Observed Hydroclimatic Trends and Their Implications Over Water‐Cycle Dynamics in Montérégie, Southern Quebec, Canada

ABSTRACT A comprehensive understanding of groundwater recharge processes is essential for sustainable water resource management under climate change and increasing anthropogenic pressures. This study evaluates hydroclimatic trends (1980–2023) and their impacts on water‐cycle dynamics in Montérégie, a predominantly agricultural and forested region in southern Quebec, Canada, characterized by spring snowmelt and biannual baseflow discharge. Historical records of temperature, precipitation, streamflow, groundwater levels, and land cover are analyzed for 20 subwatersheds and 50 piezometers, with missing data addressed using Multiple Imputation by Chained Equations.
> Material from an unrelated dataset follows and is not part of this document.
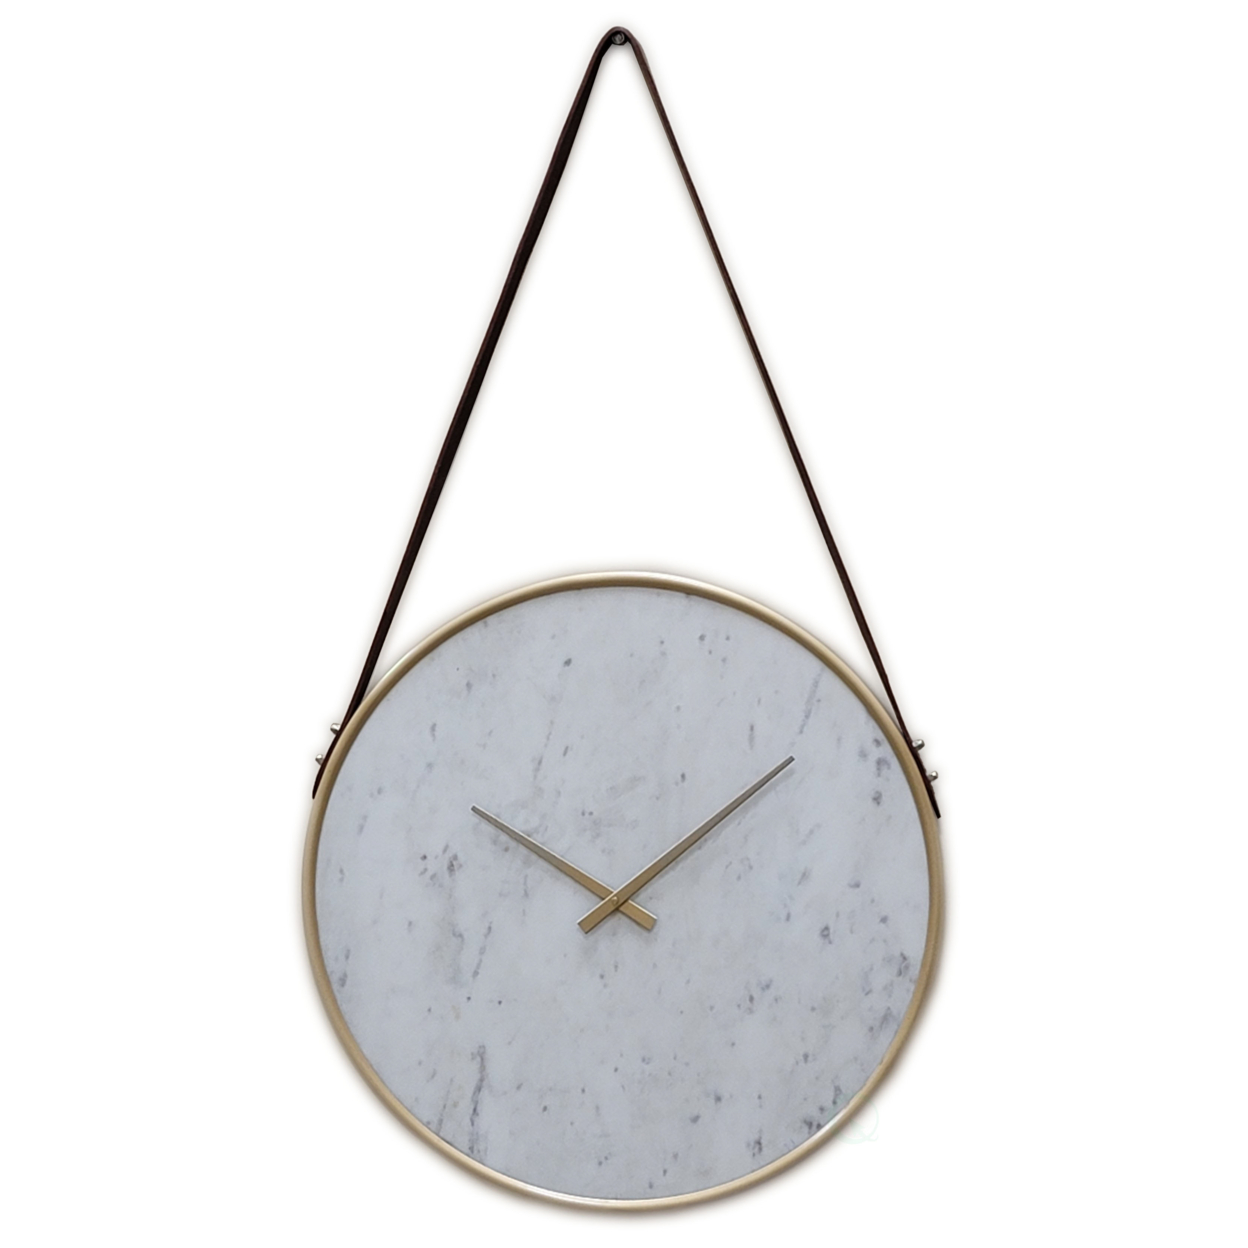 Decorative Contemporary Metal Wall Clock Marble Look Face, Gold Rim and Handles with Hanging Band

Trends are assessed using Mann‐Kendall and Sen's Slope tests, while potential groundwater recharge is simulated with the GR4J hydrological model coupled with the CemaNeige snow module. Results indicate significant regional warming, particularly in summer and autumn, leading to longer growing seasons and more frequent winter melt events. Precipitation intensity has increased, contributing to slightly higher winter streamflow. Approximately 75% of annual GR4J percolation occurs during winter‐spring. Recharge increases in the Baie Missisquoi due to earlier snowmelt but declines elsewhere because of higher evapotranspiration and drier soils. Groundwater levels rise in central Richelieu but decline in central‐western Montérégie due to pumping and limited recharge capacity. These findings support adaptive groundwater management.